The upcoming presidential inauguration will be one for the history books. And the local footnote?
MARGARET REIST / Lincoln Journal Star | Posted: Tuesday, January 6, 2009 12:00 am
The upcoming presidential inauguration will be one for the history books.
And the local footnote?
Ten Southwest High School students and 24 Scott Middle School students will be among the millions of Americans to travel to Washington for the festivities surrounding the inauguration of the nation’s first black president, Barack Obama.
The students are part of Close Up, a nonprofit group that plans educational trips to Washington for middle and high school students.
The students from Southwest are the only Nebraska high school students participating in the Close Up inaugural trip, said Jalaina Handa, one of the two Southwest social studies teachers planning the excursion.
The 24 Scott Middle School students will also go as part of a Close Up program.
The Close Up program takes students year-round, but also plans trips around the inauguration. The students will see monuments and museums, but will also attend events connected to inauguration, Handa said. The day of the inauguration, the high school students will be up by 3 a.m., she said.

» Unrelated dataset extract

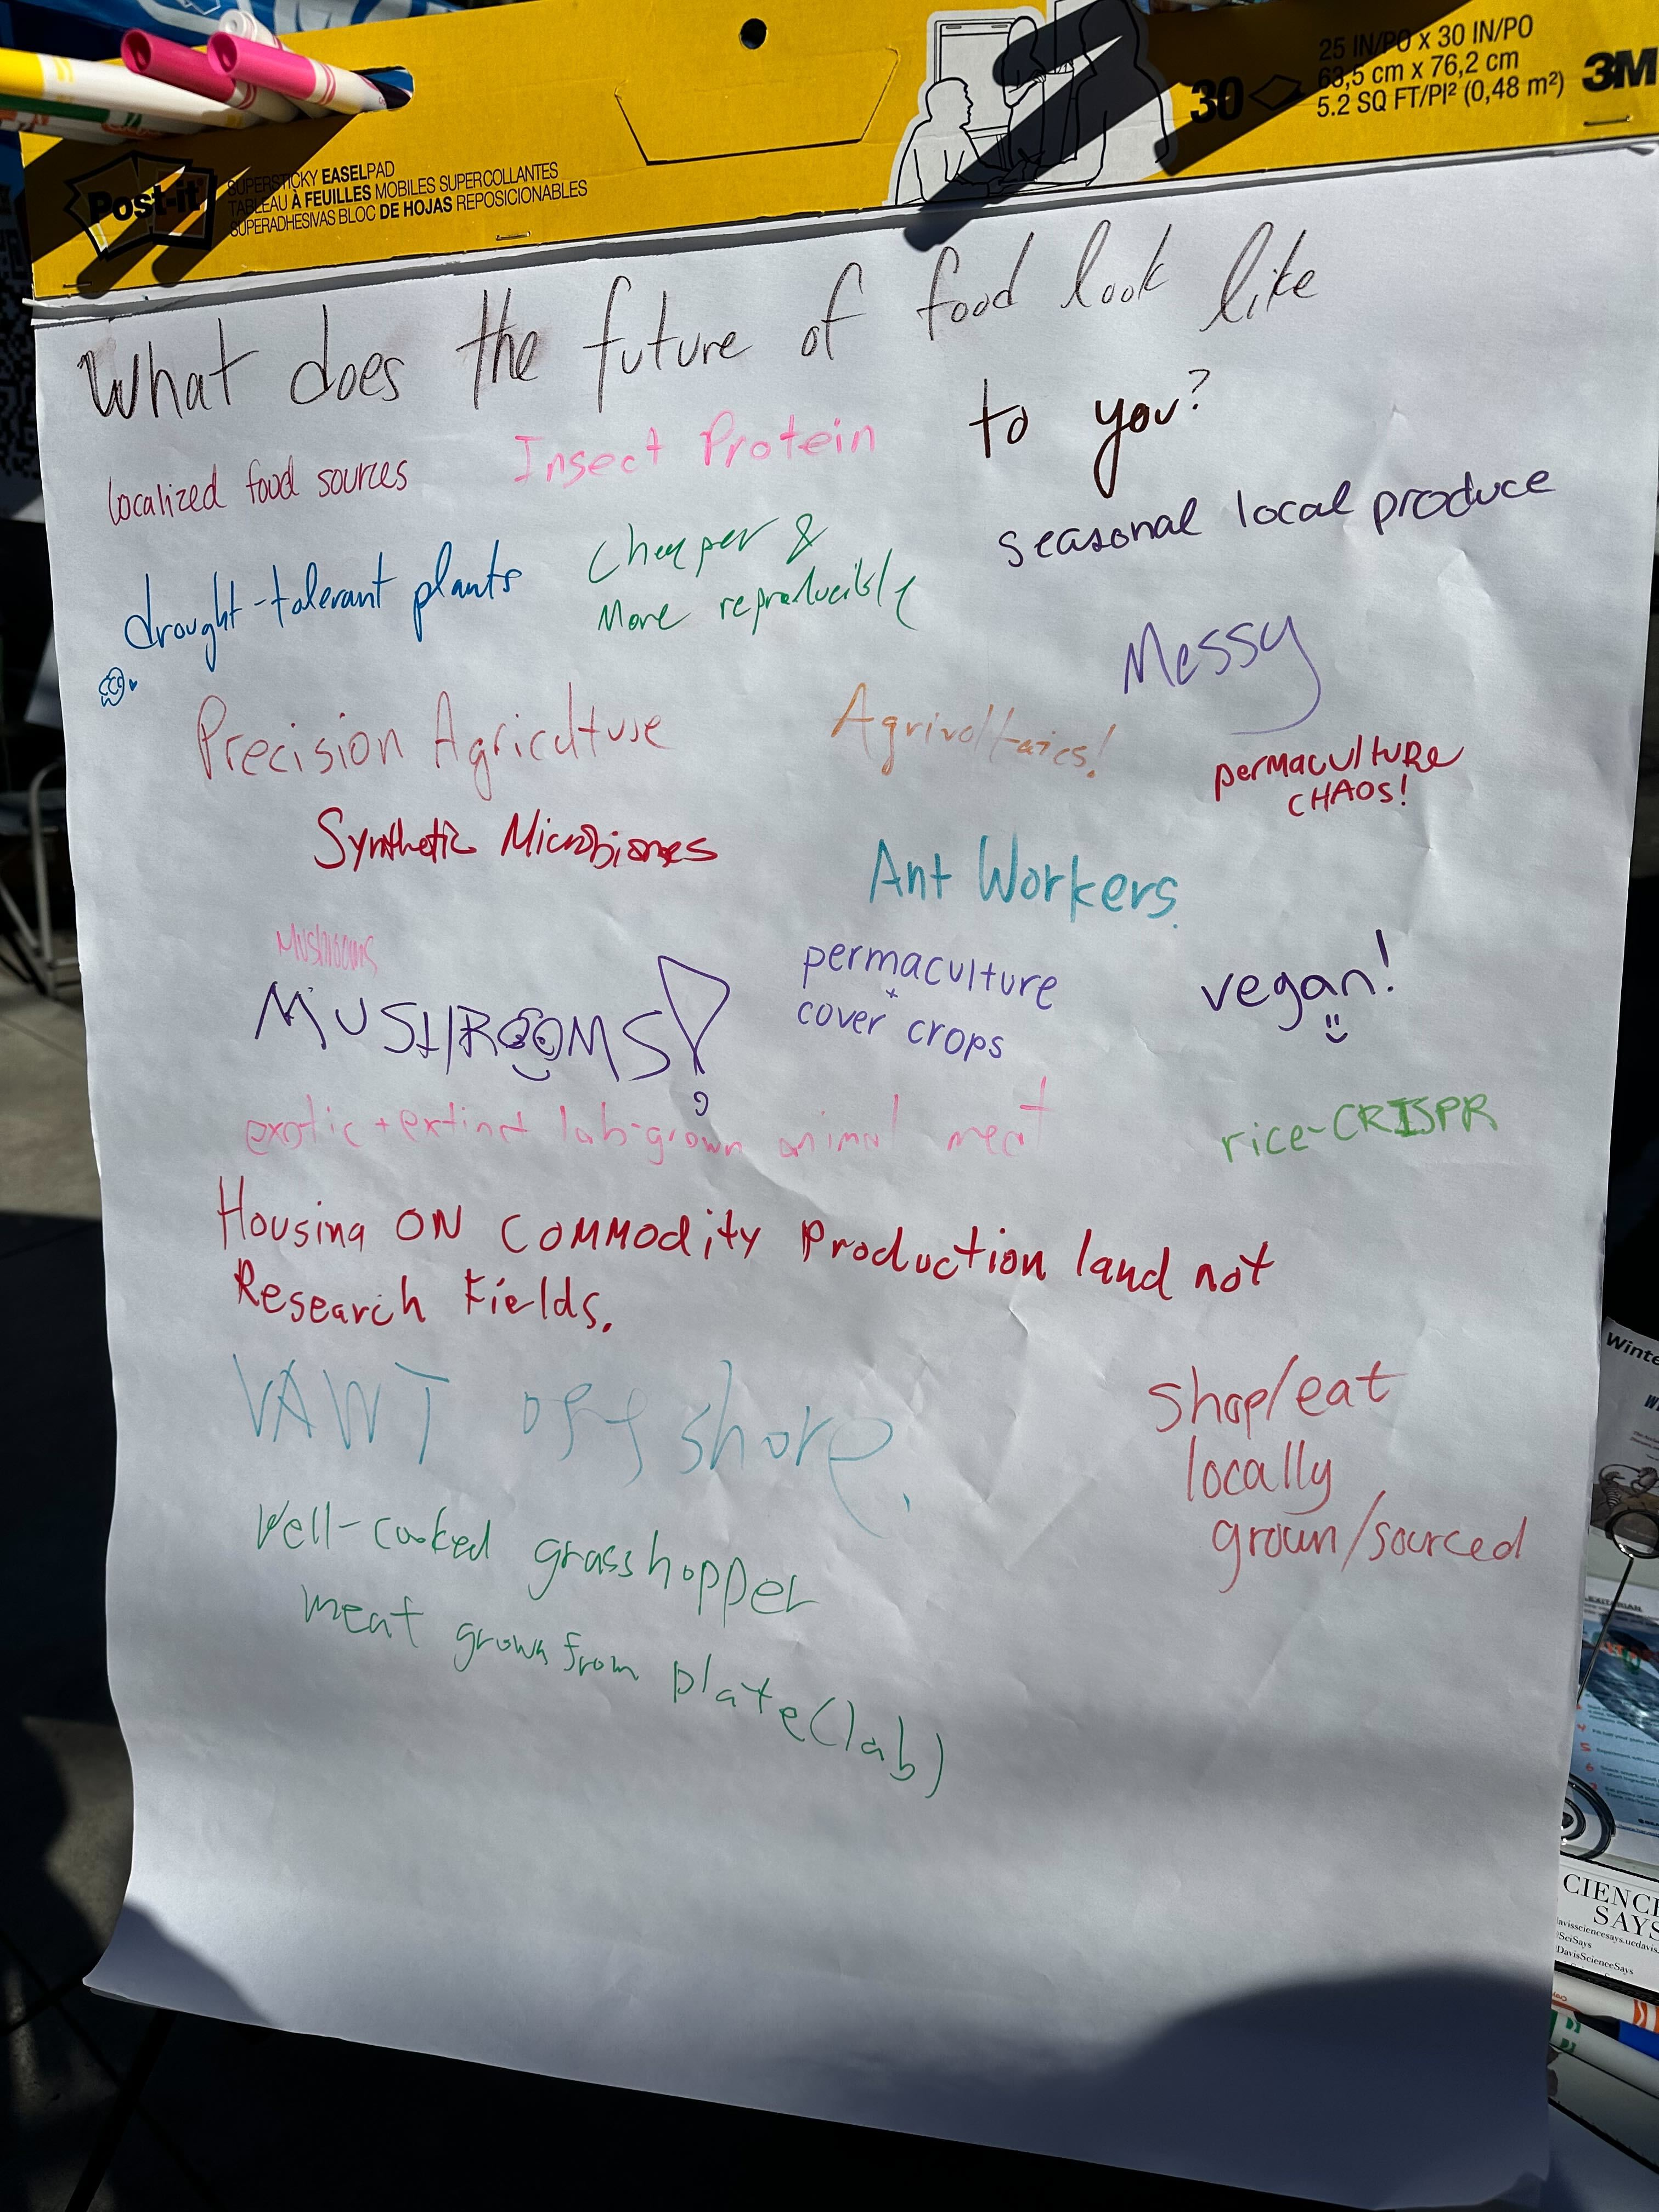 Free-write board depicting responses to the question "What does the future of food look like to you?"

And here’s the great thing for the Southwest students: Mike Johanns, former governor, U.S. secretary of agriculture and newly elected member of the U.S. Senate, managed to get 12 of the 250,000 tickets for the ceremony for the students and their teachers.
“We will be guaranteed reserved seats,” said Alyssa Watson, another Southwest social studies teacher planning the trip. “Whether it will be close up and personal we can’t tell that right now,” she said.
The Scott students are still trying, but haven’t been able to get high-in-demand tickets.
Handa and Watson planned the trip last spring, long before anybody knew who the 44th president would be.
Once Obama was elected they got a barrage of requests. But they’d already finalized plans and couldn’t take any more, the teachers said.
Blake Wewel, a senior, heard about the trip from a couple of buddies at school. He didn’t know how the election would play out, but was excited immediately.
He figured, he said, that either way it would be historical — the first woman vice president or the first black president.
It would be a great experience any time, but the inauguration makes it a once-in-a-lifetime trip, he said.
“It’s kind of cool to think you’re going to be there for a piece of history,” he said.
Watson said she’s as excited as the students, because as a social studies teacher, she can share her firsthand observations of a moment in history with classes for years to come.
“When I’m still teaching 20 years from now this is going to be something in the textbooks,” she said.
Seeing the nation’s capital firsthand is what makes all the Close Up trips special, Handa said. And to see Obama sworn in gives students something they can’t get in a textbook or a classroom.
“To actually be there and live through the history is so much more rewarding for students,” she said.